- WORK REQUIRED
Please give back, word for word, only the lines starting at the one containing "Swedish rococo table" and ending at the one containing "Lasco 17-6031 Lasco" within the material below.

- THE INPUT
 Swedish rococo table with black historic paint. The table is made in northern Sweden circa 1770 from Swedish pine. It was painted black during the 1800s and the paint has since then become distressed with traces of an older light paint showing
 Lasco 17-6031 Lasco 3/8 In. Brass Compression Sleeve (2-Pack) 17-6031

==

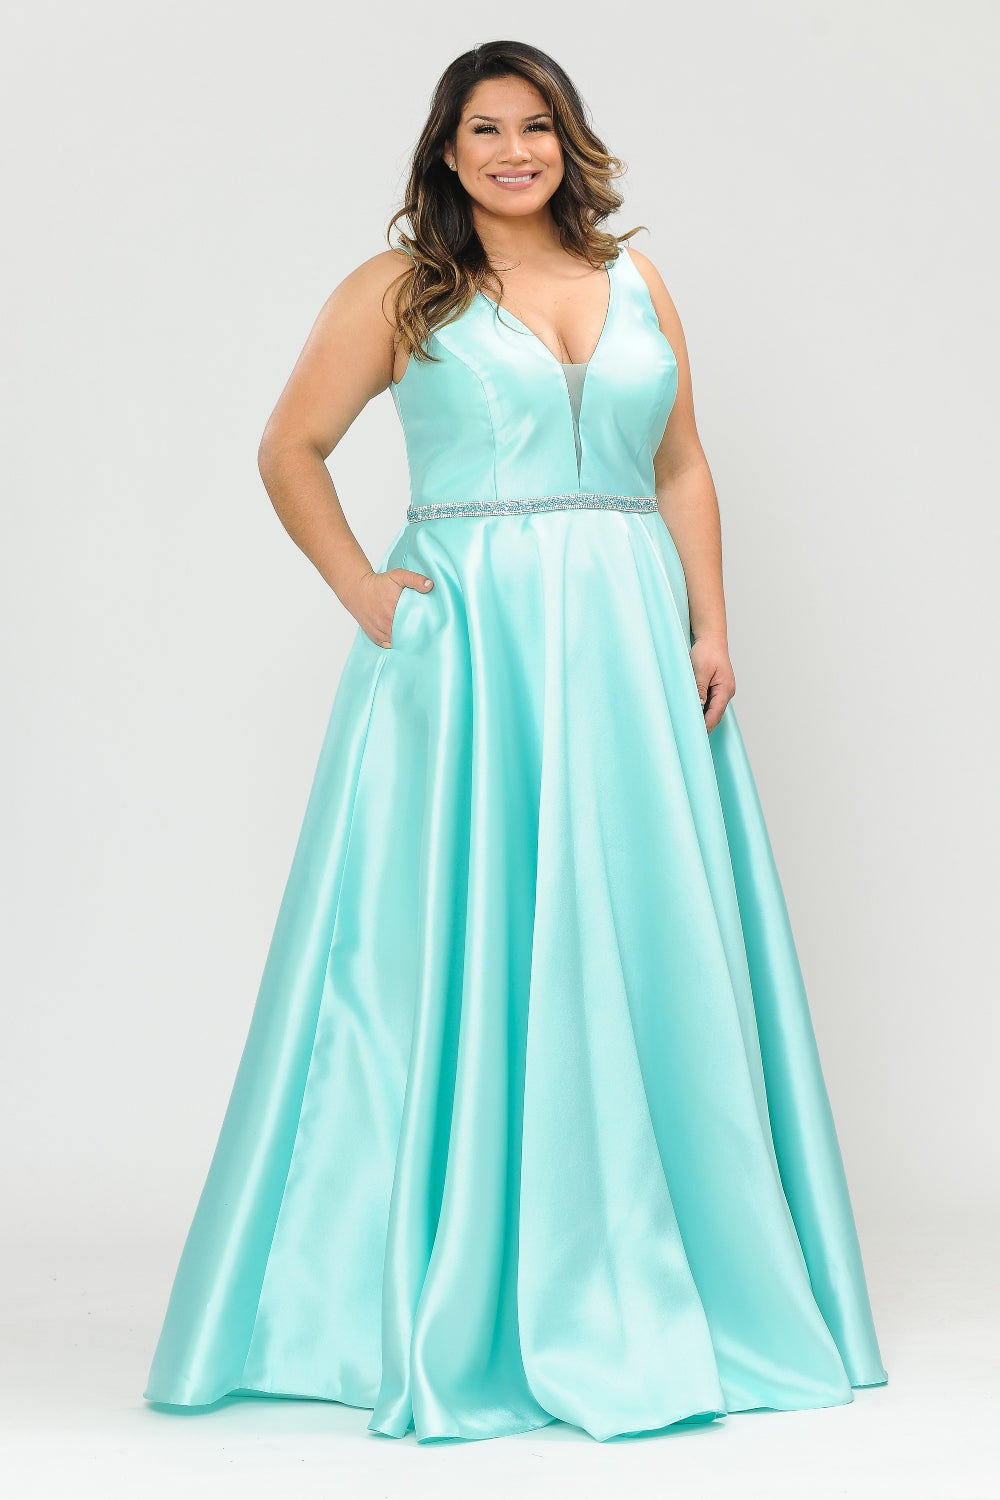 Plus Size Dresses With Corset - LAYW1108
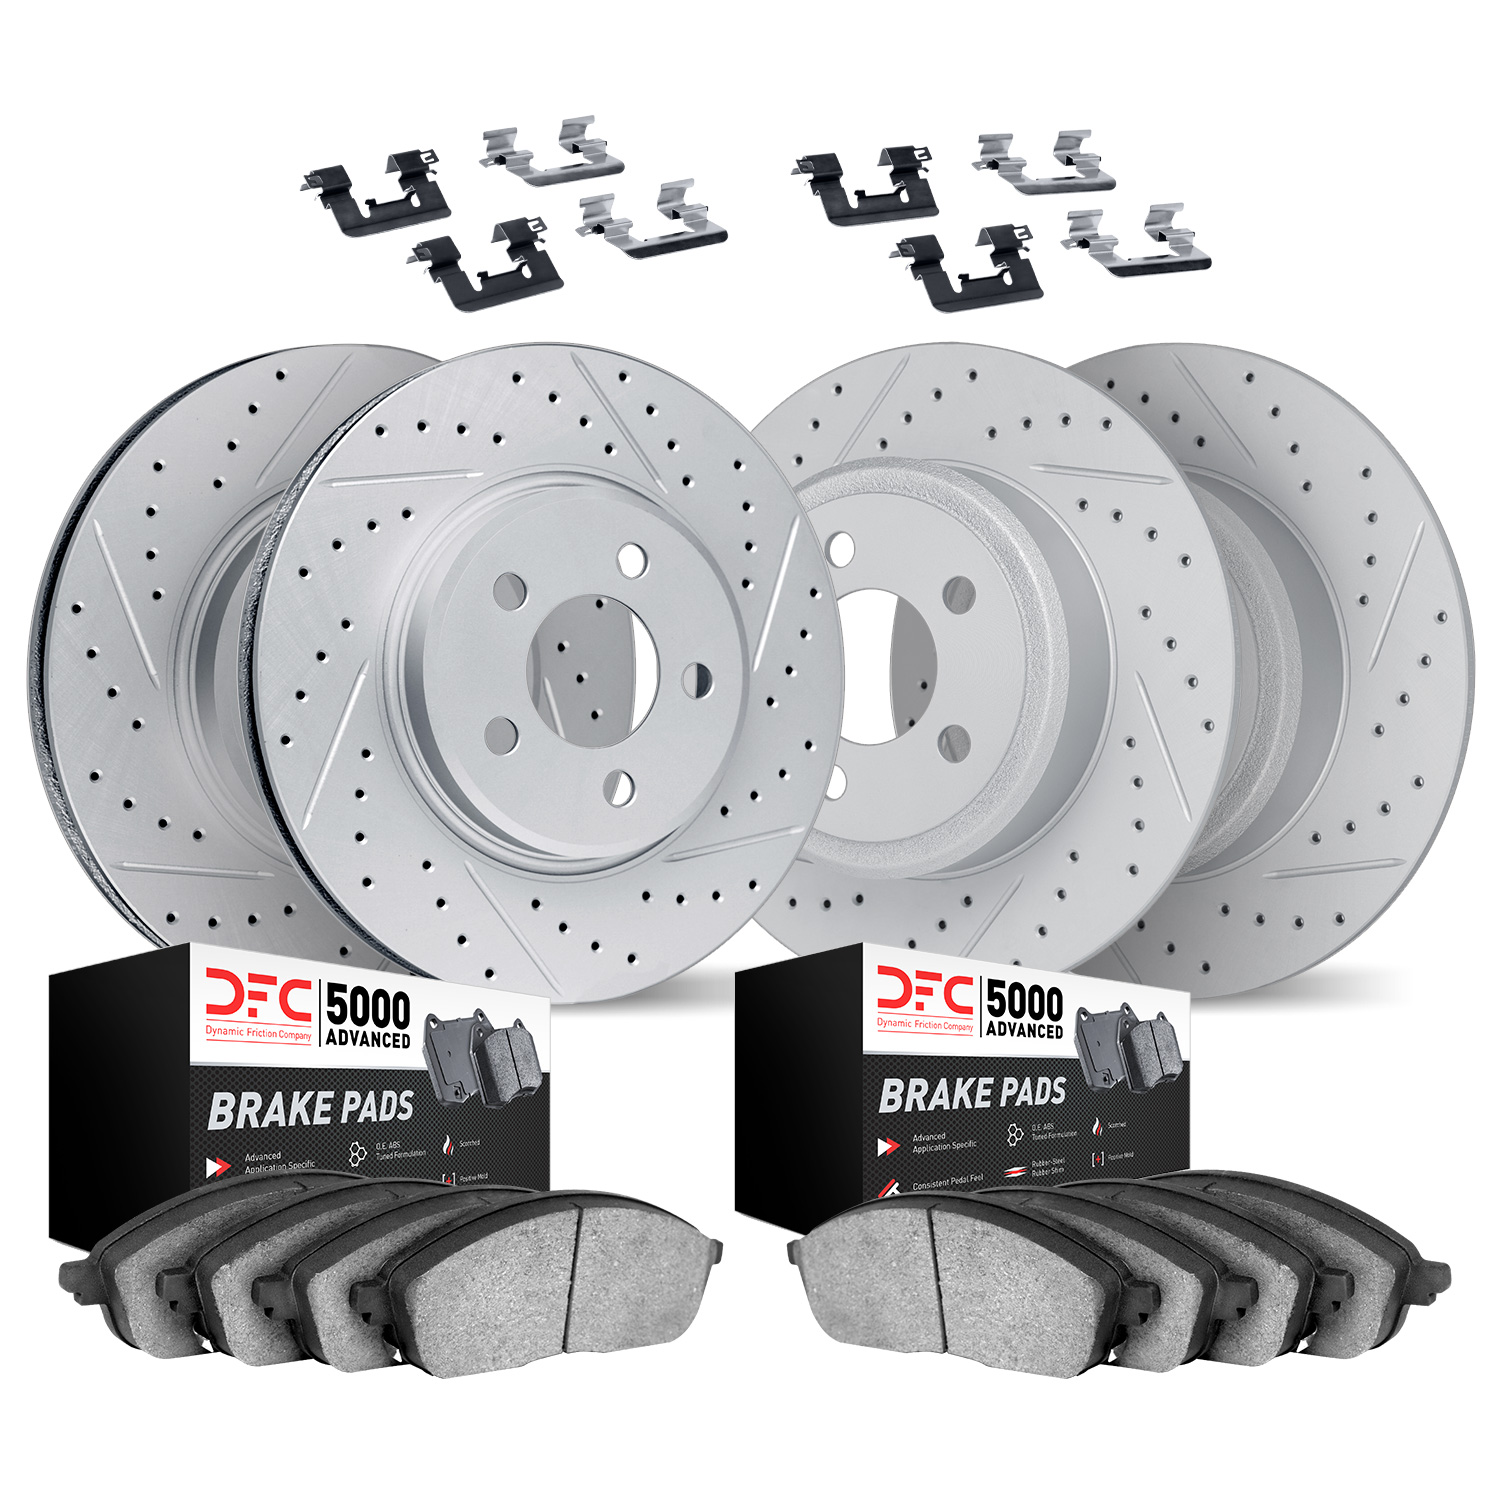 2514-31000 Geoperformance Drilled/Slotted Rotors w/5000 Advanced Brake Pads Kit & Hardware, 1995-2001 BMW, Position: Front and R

* * *

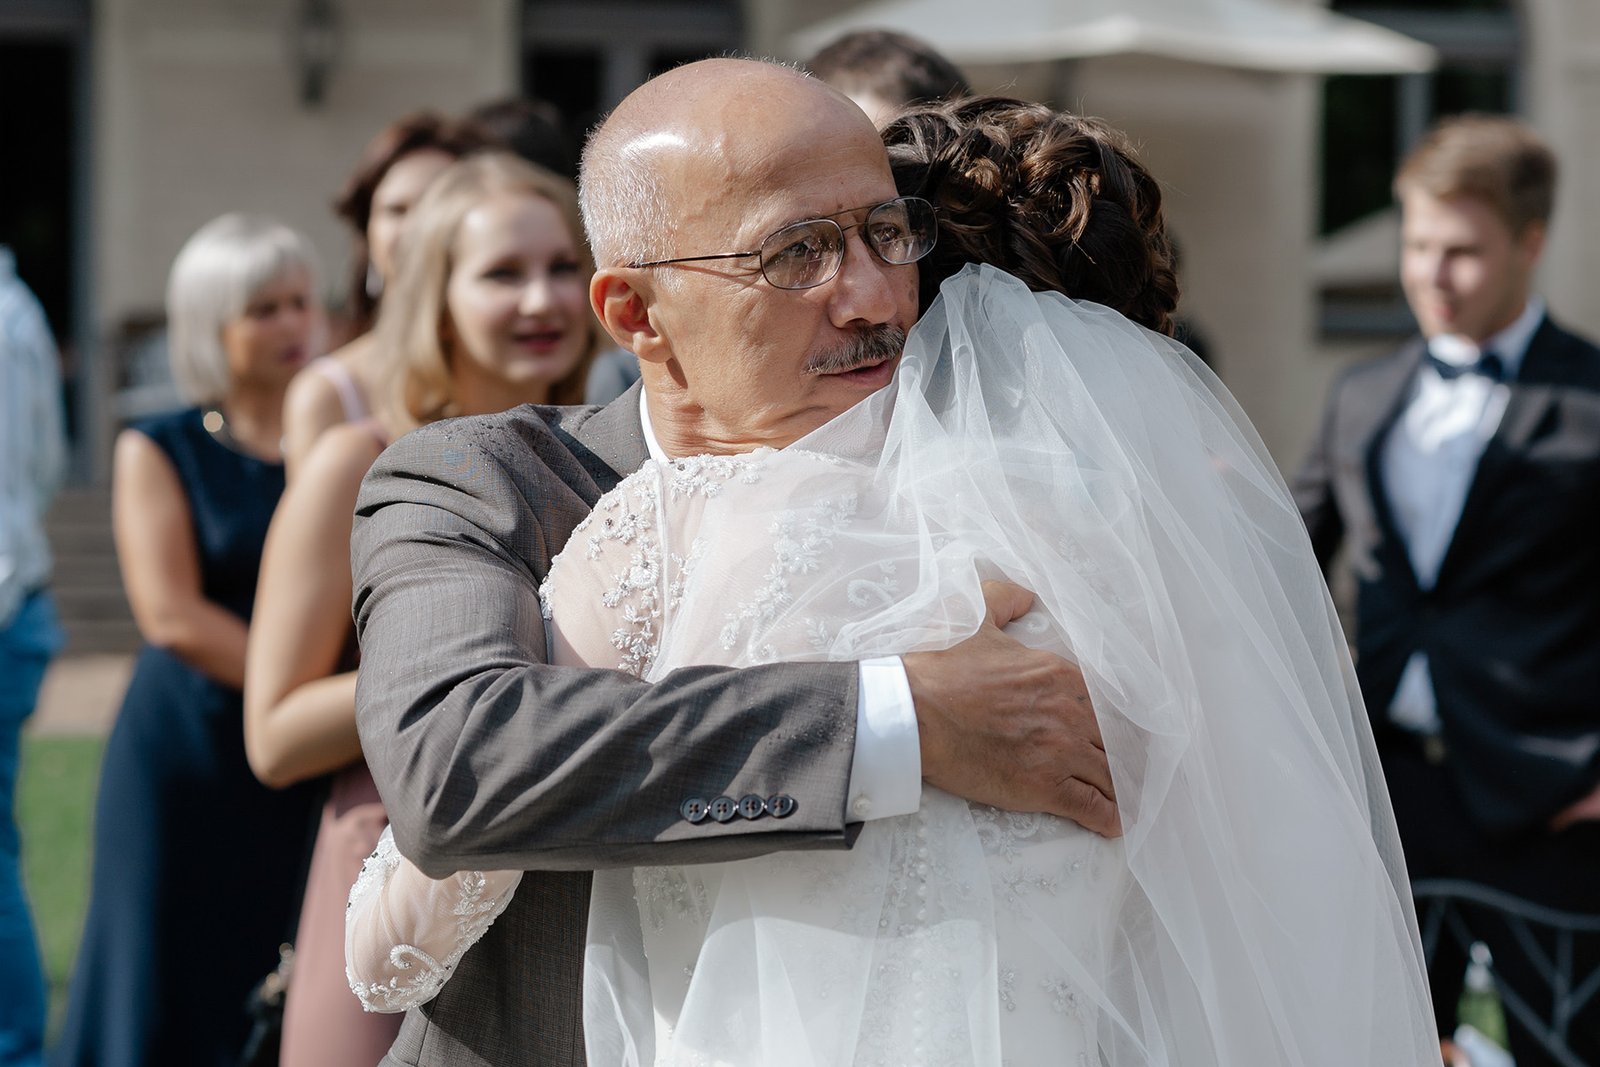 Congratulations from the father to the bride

- WRITTEN SOLUTION
 Swedish rococo table with black historic paint. The table is made in northern Sweden circa 1770 from Swedish pine. It was painted black during the 1800s and the paint has since then become distressed with traces of an older light paint showing
 Lasco 17-6031 Lasco 3/8 In. Brass Compression Sleeve (2-Pack) 17-6031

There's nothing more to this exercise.